I strongly recommend bringing your own French person along to France. It helps. With Helene:


The best source of cheap coffee when you don't want to pay 3 euros for a cup. And you can get le double cheese while your ate it. (zing!)

Being cliche again and sampling some upscale French crepes:

Sunday, November 27, 2011

Entrepeneurs

Ethiopia is full of entrepreneurs. From the guys lined up on the streets shining your shoes (they are usually merely kids or young men, often living in groups in shanties and saving money to hopefully open a business some day), to those placing their weigh scales on the street. Unless you are rich, it is not practical to buy a scale for your personal use. That attitude seems sensible enough. We passed 3 or 4 scales in a couple blocks, choosing the one that appeared to have the best combination of actually being calibrated and having a low price. That's the difference between weighing yourself for the equivalent of 1 cent to 2 cents!

Monday, November 21, 2011

Belgian Thanksgiving!

Mark & I wanted to celebrate Thanksgiving this year, Canadian and American style. So last night, we hosted a dinner to show everyone what it was all about. Without no ovens to cook in, and things like turkey, pumpkin pie, and cranberries pretty difficult to locate here in Belgium, the traditional idea was tossed out the door. So we decided to have one big potluck amongst all the international students in our fire program and also in our residence. The variety of food people cooked was pretty unbelievable, and rightly so I left stuffed, along with everyone else. We had food made from at least Colombia, Iran, US, Canada, France, Brazil, Spain, Serbia, Belgium, Germany, Netherlands, Portugal, and Argentina. And damn, it was all delicious!. I think everyone left with a good impression of what Thanksgiving is for. Good time.

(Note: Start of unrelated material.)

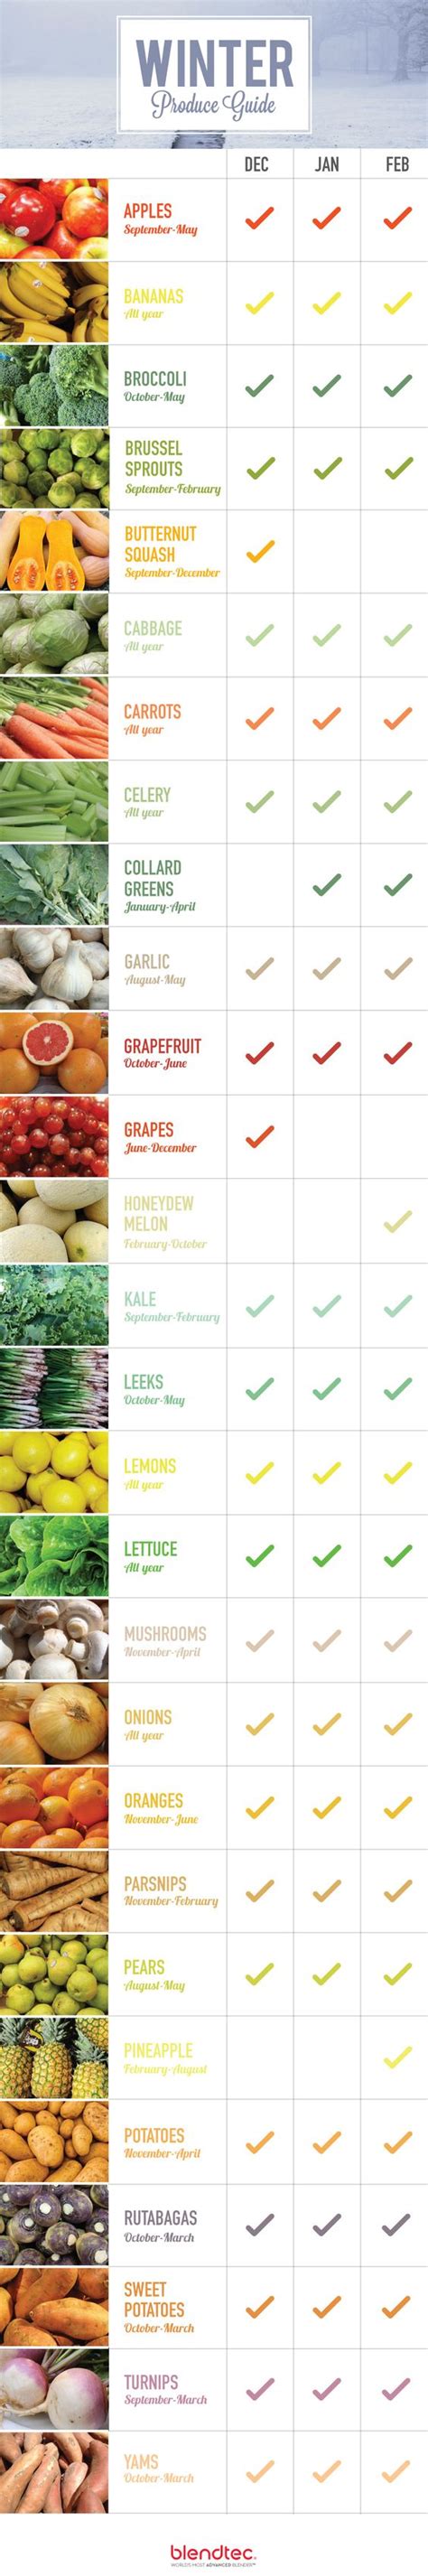 Whats In Season Winter Produce Guide The Winter Seasons And How To Use

Olives wrapped in proscuitto and tossed with pistachios and bacon:

One guy brought home made mac and cheese. I was in heaven!

One loaded plate. Check out that deviled egg, side by side with an empanada! Oh yeah.

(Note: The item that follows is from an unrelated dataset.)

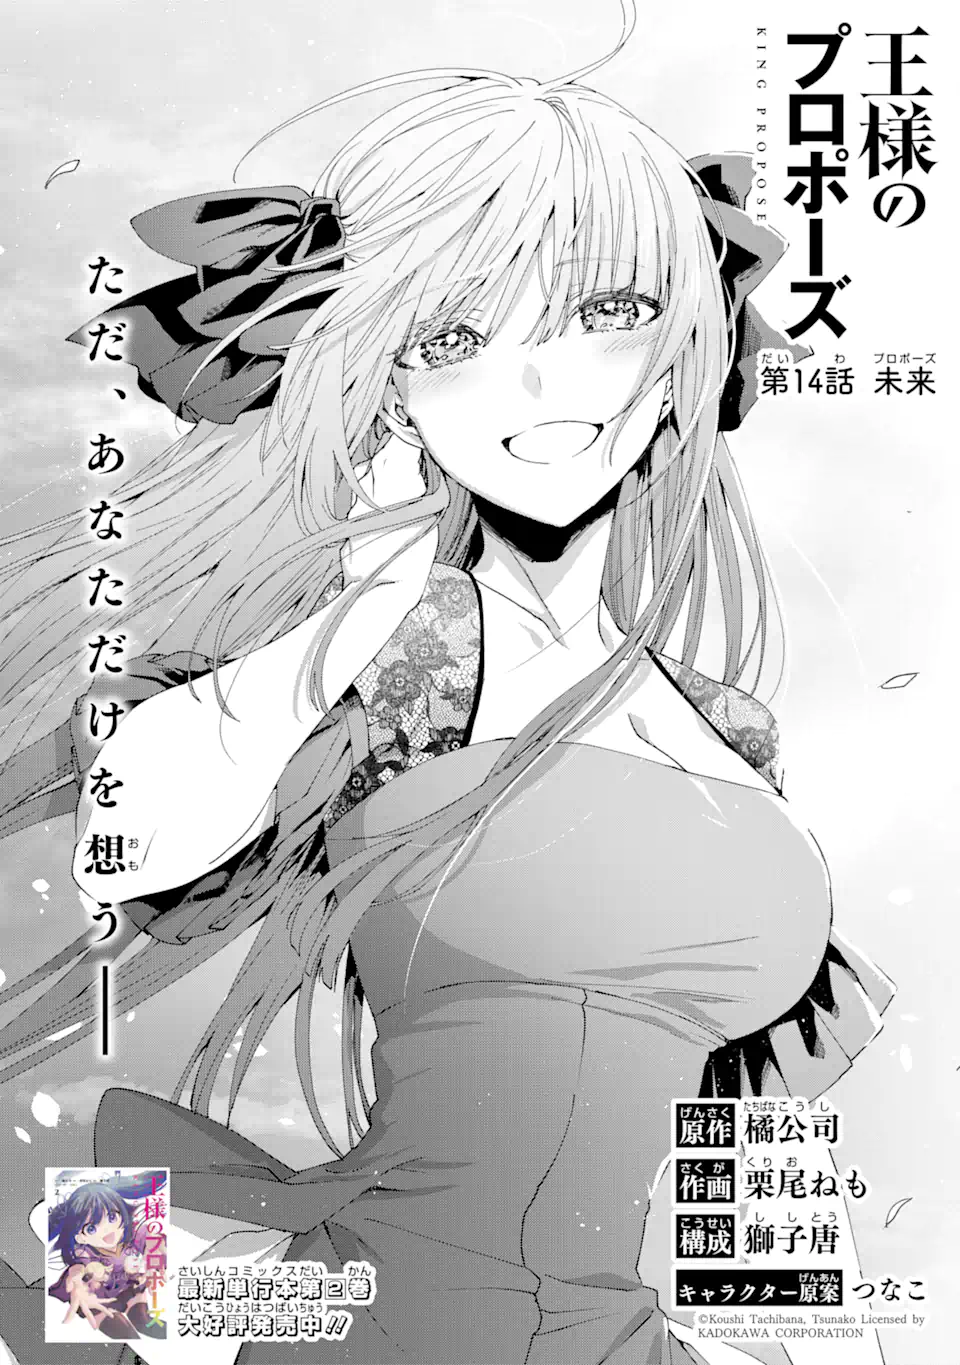 Ousama no Propose - Chapter 14.1 - Page 13

Not turkey, but it will suffice:

All 3 members of NAFTA getting along:

Sweet Rice:



Tiramisu:

These days kids are dressing up in their evening best for Thanksgiving:

And not just the guys:

Mesmerized by the desserts:

Funny faces at the kids table:

Saturday, November 19, 2011

Family Time!

Katie spent a cool 2 weeks with me here in Gent! It was a bit cozy sharing a room for that long, but nonetheless was nice to have some family around. It was also great, as I made four trips in Belgium and France in two weeks that I probably otherwise would not have made. Brugge, Kortrijk, Lille, and Paris! Also, some really fantastic meals were had. Gent waterzooi, some Turkish dish that I have no clue what it was, and plenty of frites, crepes, and escargots. And of course many student dinners consisting of rices and pastas (always enhanced with a little Ethiopian berbere powder zing!).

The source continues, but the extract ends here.